Vegan Peanut-less Pad Thai

DSC_0270

I am going to be honest. I have NEVER ever had Pad Thai. I don’t know what it’s supposed to taste like. I just know that it involves noodles, peanuts, limes and cilantro. Since my recent peanut allergy (literally discovered this last year when I broke out in hives from eating peanut butter- super bummer), I have avoided trying Pad Thai for my own sanity. Then, I came across a WONDERFUL recipe during one of my lunch time adventures in Barnes & Noble. I salivated the moment I read the ingredients and jumped for joy upon the mention of peanuts being optional. I adapted this version of Vegan Pad Thai from a fellow Vegan food blogger and writer of the incredible cookbook, Isa Does It (seriously, check her out- amazing recipes). Not only is this recipe incredibly simple, it will have you craving Pad Thai practically every night of the week. If I could cuddle up with a bowl of this Pad Thai and have it sing me a sweet lullaby, I would be a happy woman.

What You Need: 

  • 8 oz pad thai rice noodles or buckwheat soba noodles (my family loved this version- a little heartier), cooked according to package directions and rinsed
  • 2 tablespoons extra virgin olive oil
  • 1 package (or 2 if you’re incredibly hungry) of extra firm organic sprouted tofu, cut into 1.5 inch cubes
  • 4 cups broccoli, sliced
  • 6 cloves garlic, minced
  • 2 cups green onion, thinly sliced
  • 2 cups cilantro, chopped
  • 4 oz mung bean sprouts
  • Lime Wedges for serving

For the sauce: 

  • 2 tablespoons tomato paste
  • 5 tablespoons tamari or soy sauce
  • 6 tablespoons brown sugar (I went for dark brown for added sweetness)
  • 1/4 cup fresh lime juice
  • 3 tablespoons Sriracha
  • 2 tablespoons mellow white miso
  • 1/4 cup water

How You Make It: 

  1. Make the tofu. After removing the tofu from the liquid, dry it off as much as possible and cut into cubes. Heat a cast iron skillet (or any skillet will do) on high heat. Add a tablespoon of oil to the skillet and add tofu immediately. Stir frequently and cook until tofu is browned and crispy. Remove from the pan, set aside.
  2. In the same pan, add a teaspoon of oil and half the minced garlic. Toss in the broccoli and sauté for 5 minutes. Remove from skillet and set aside with tofu.
  3. In a small bowl, mix all of the ingredients for the sauce. Mix until most of the miso has dissolved.
  4. Add remaining oil and garlic to a pan over medium-high heat. Cook until the garlic is fragrant and toss in half of the cilantro and all of the green onion. Stir until slightly wilted. Pour in half of the sauce and heat through.
  5. Add in the noodles and toss to coat. Add back tofu, broccoli, mung bean sprouts and the rest of the sauce.
  6. Serve immediately with lime wedges and the rest of the cilantro.

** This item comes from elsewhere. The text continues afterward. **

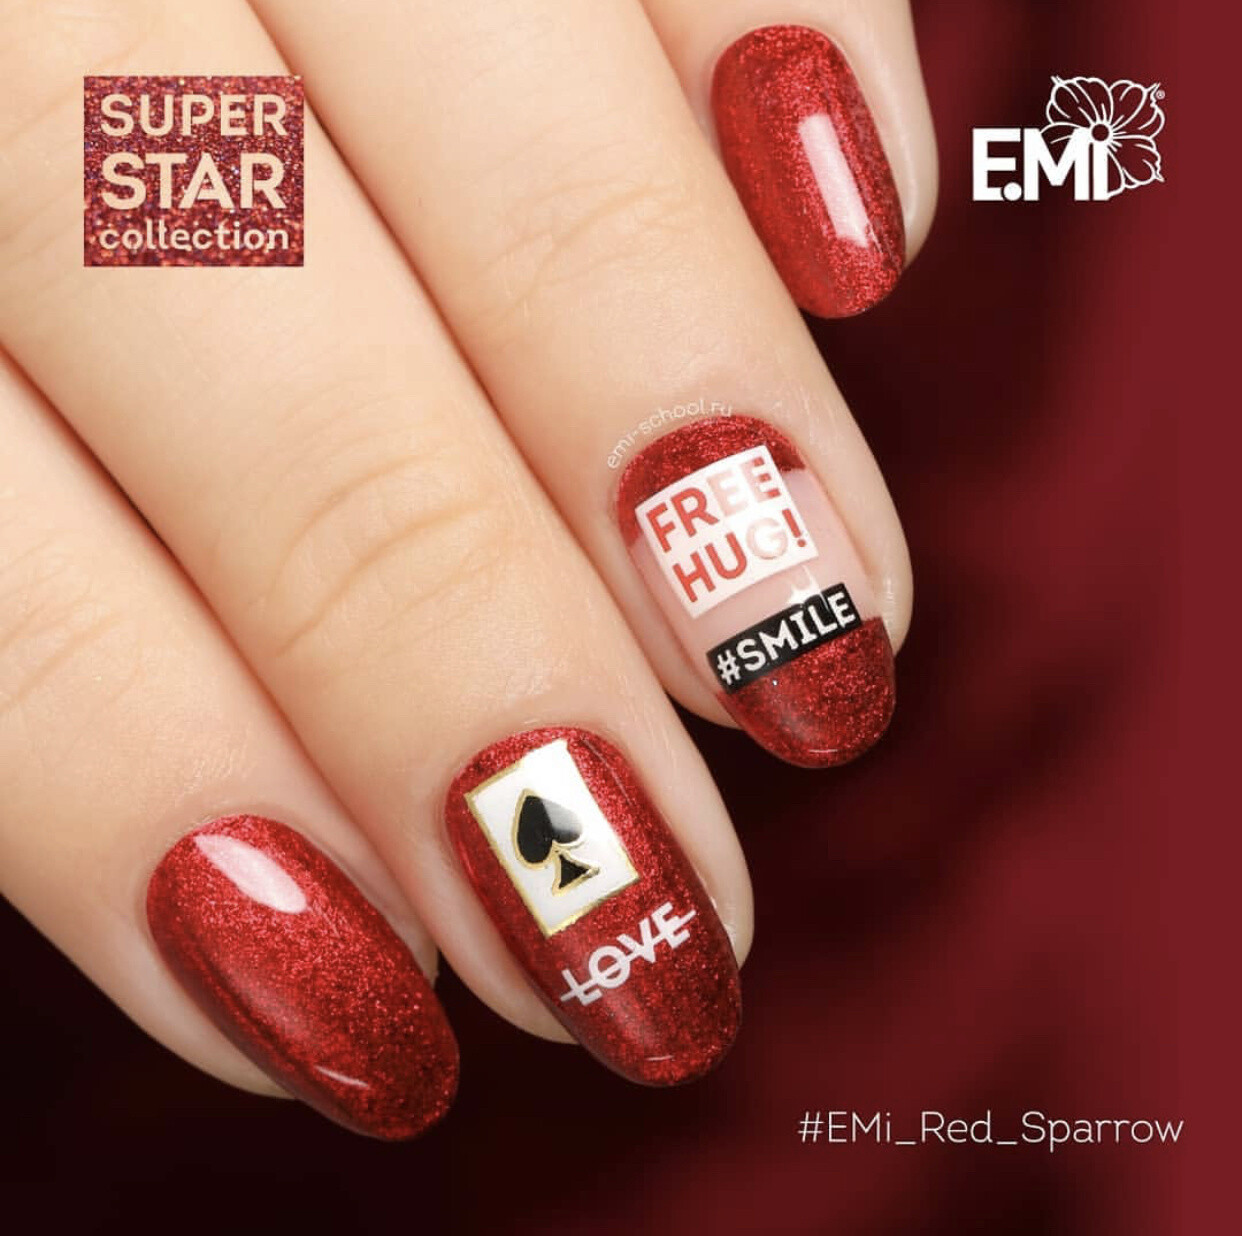 Super Star Red Sparrow, 5 ml.

Is it sad to say that my mouth started to water after writing this?

Grab a fork or some chopsticks and slurp up this sweet and spicy goodness. Your stomach will thank you.

Peace, love and NO beef!

Guramrit

Chick’n Noodle Soup

Image

Howdy my amazing friends! I apologize for the hiatus. I was recovering from the stomach flu and have had quite the interesting few weeks. NYC really does NOT know how to function with even the tiniest bit of snow. We are all grumpy, cold and pale (yikes). Thankfully I am heading to California for a short 5 day trip to visit my grandma in 2 weeks. I could really use some warm sunshine.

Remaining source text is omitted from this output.